**Work request**
From the first line to the last, transcribe the data exactly and skip the pictures.

**Given material**
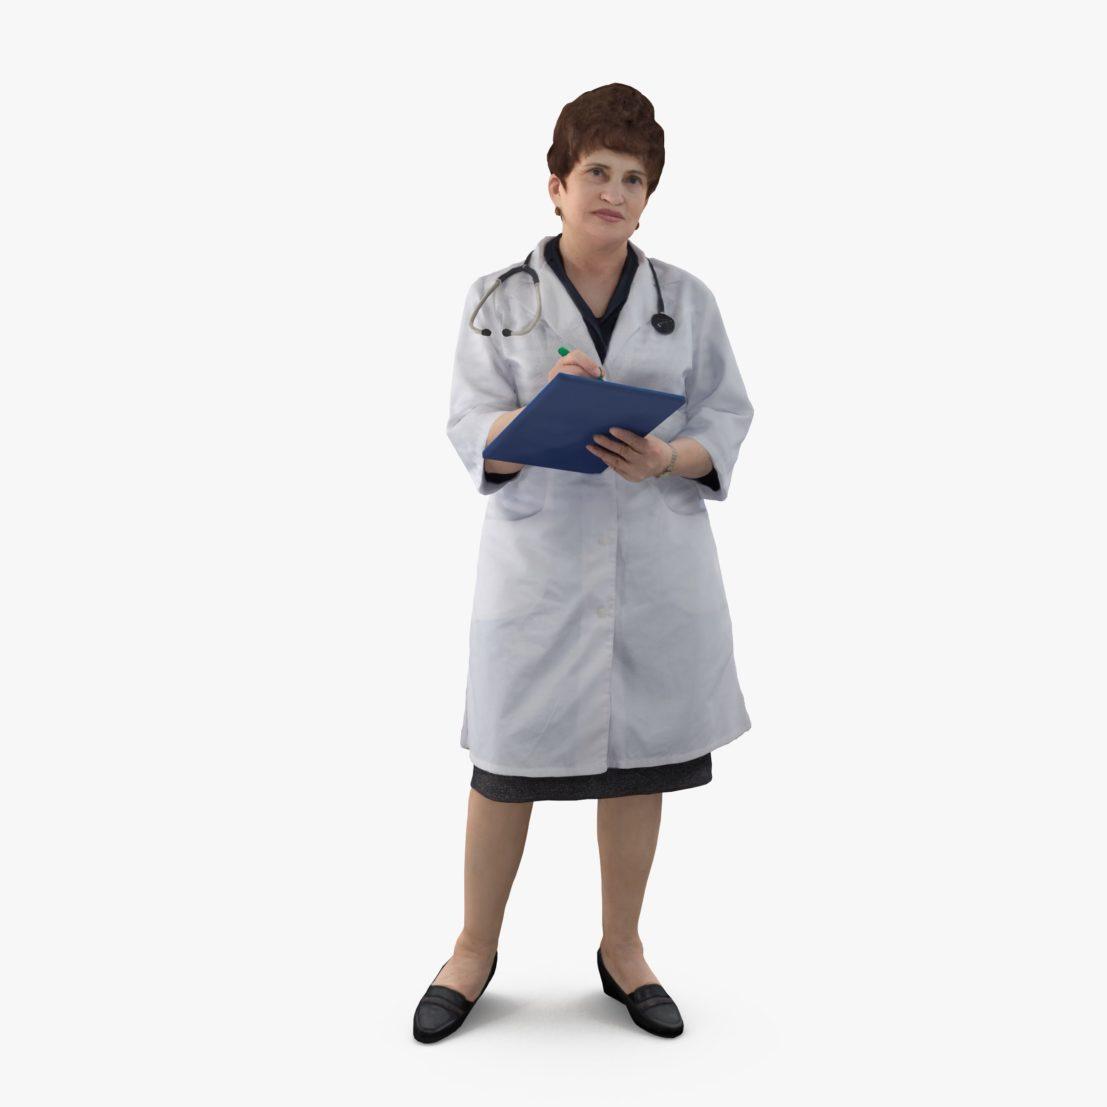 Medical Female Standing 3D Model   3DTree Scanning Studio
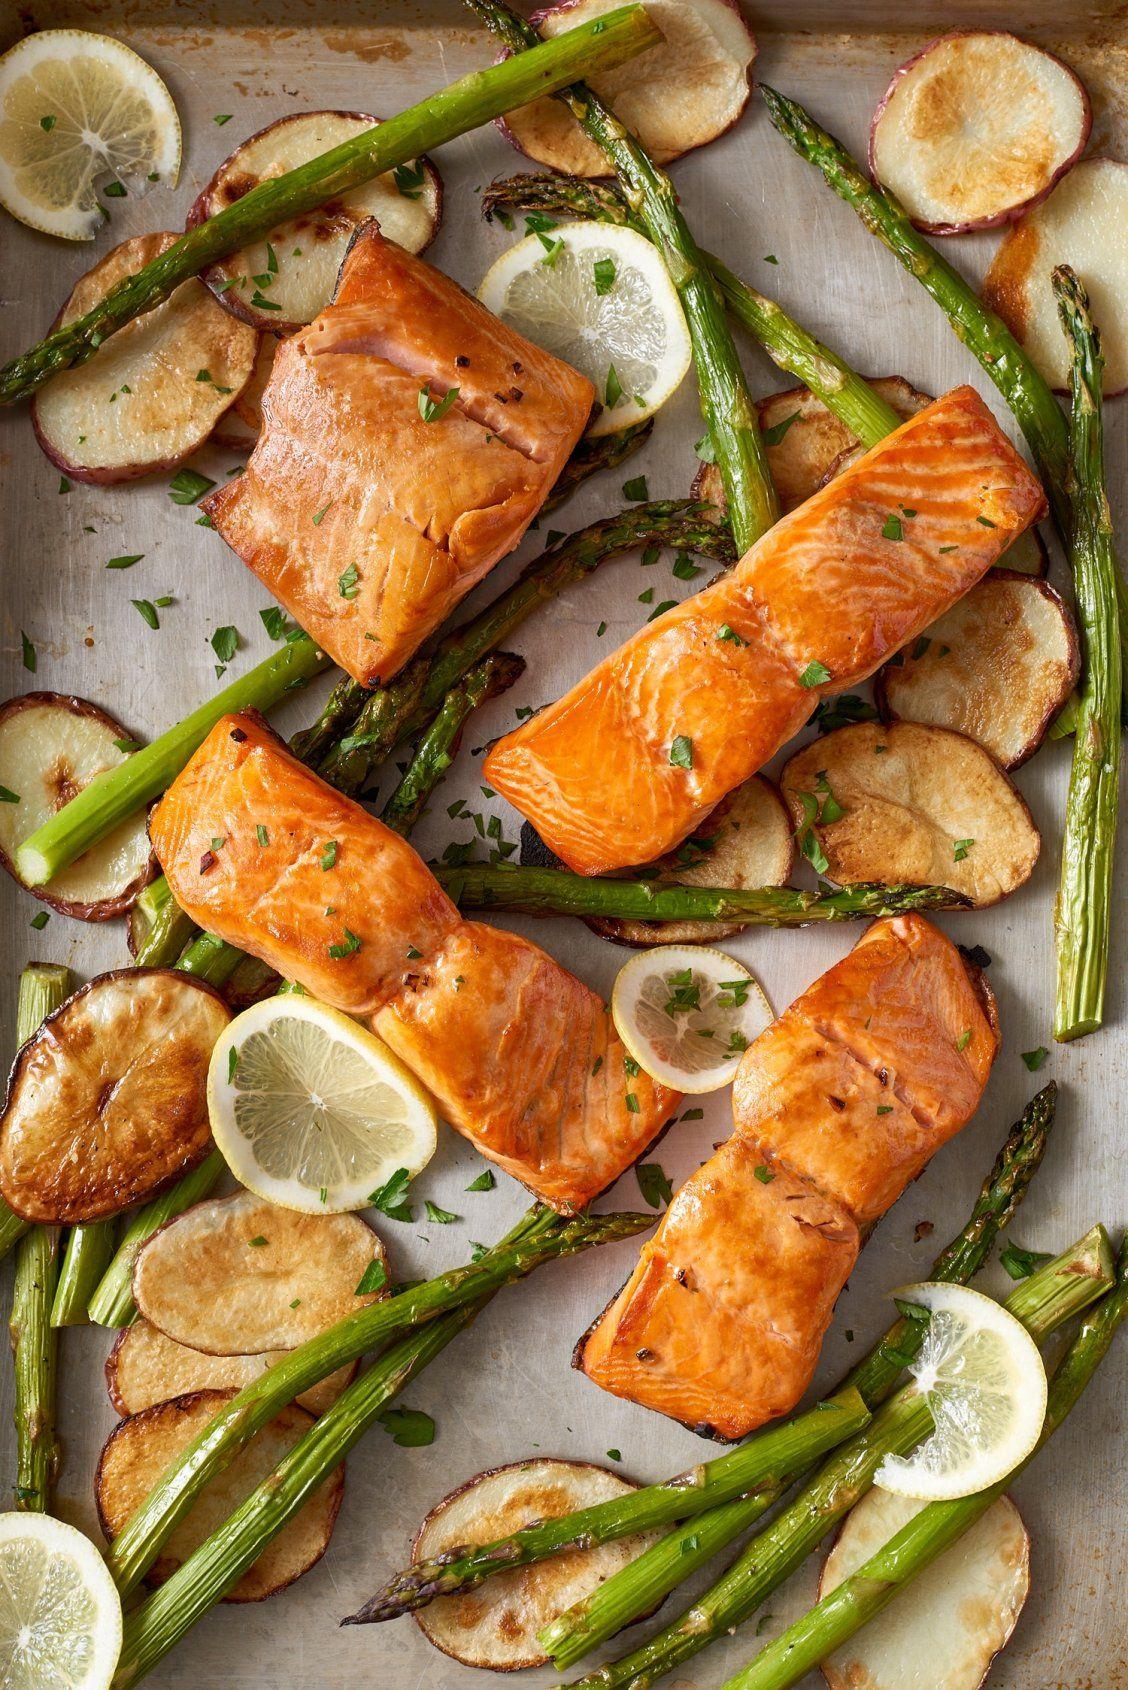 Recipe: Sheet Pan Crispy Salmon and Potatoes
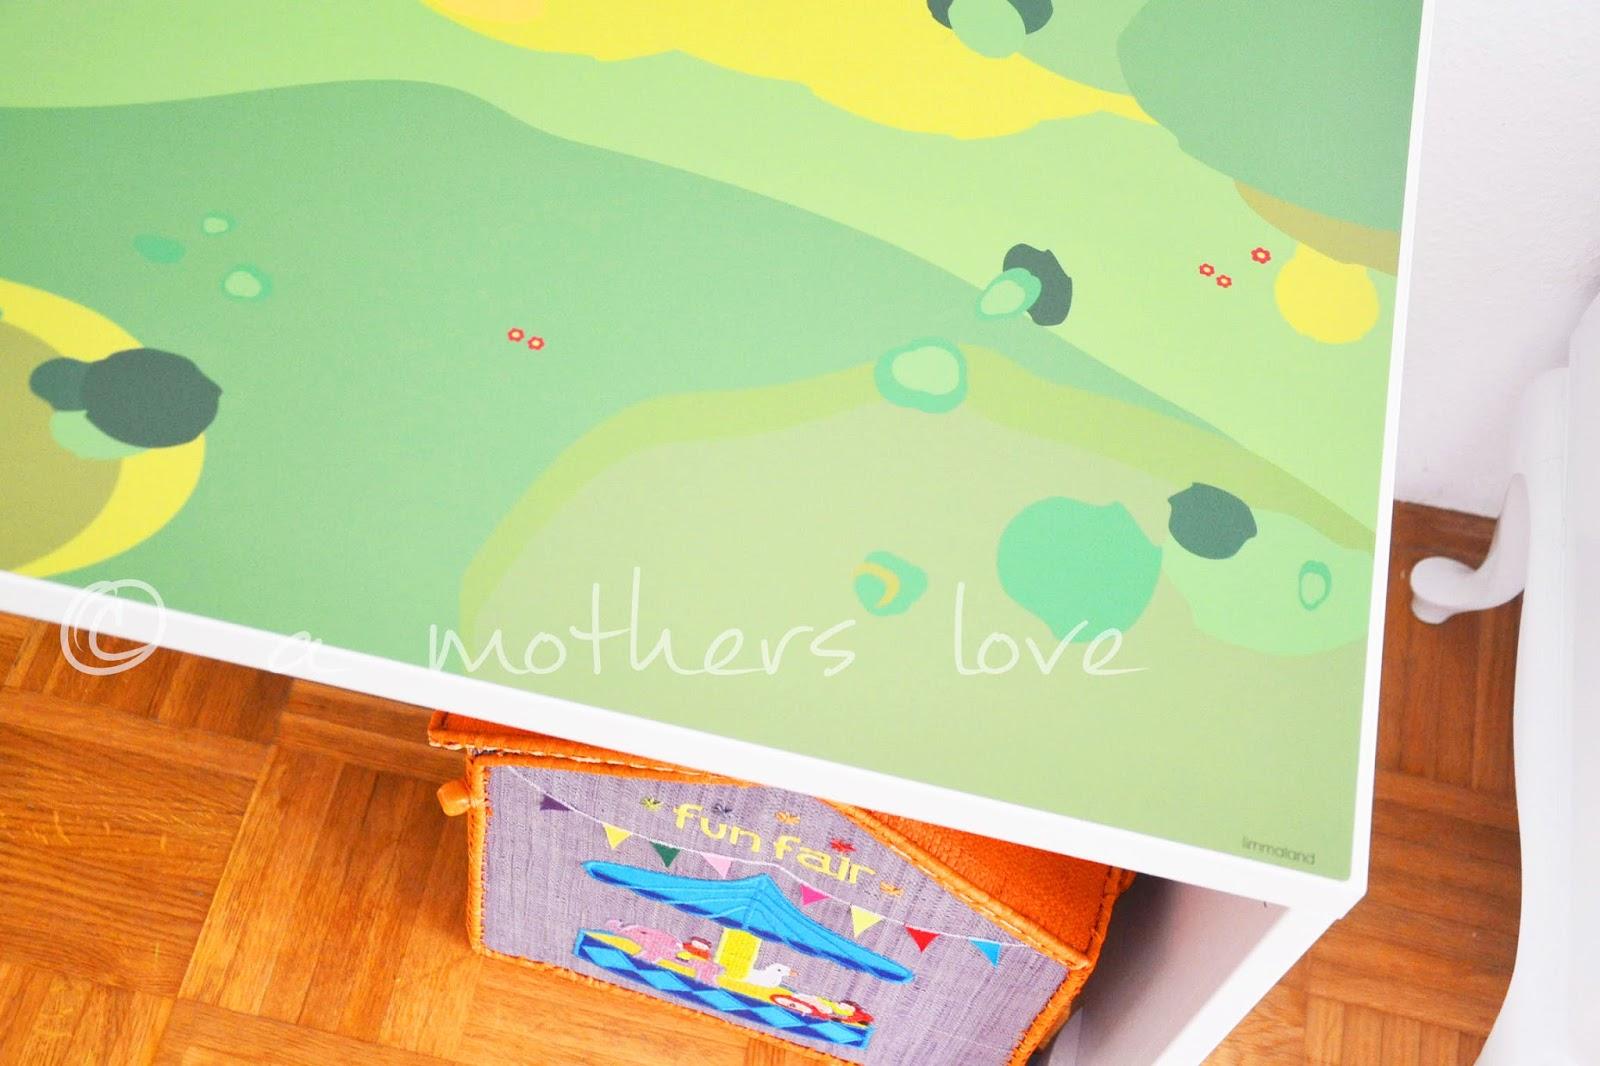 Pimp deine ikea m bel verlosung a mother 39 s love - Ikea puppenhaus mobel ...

**Output of the exercise**
 Medical Female Standing 3D Model   3DTree Scanning Studio
 Recipe: Sheet Pan Crispy Salmon and Potatoes
 Pimp deine ikea m bel verlosung a mother 39 s love - Ikea puppenhaus mobel ...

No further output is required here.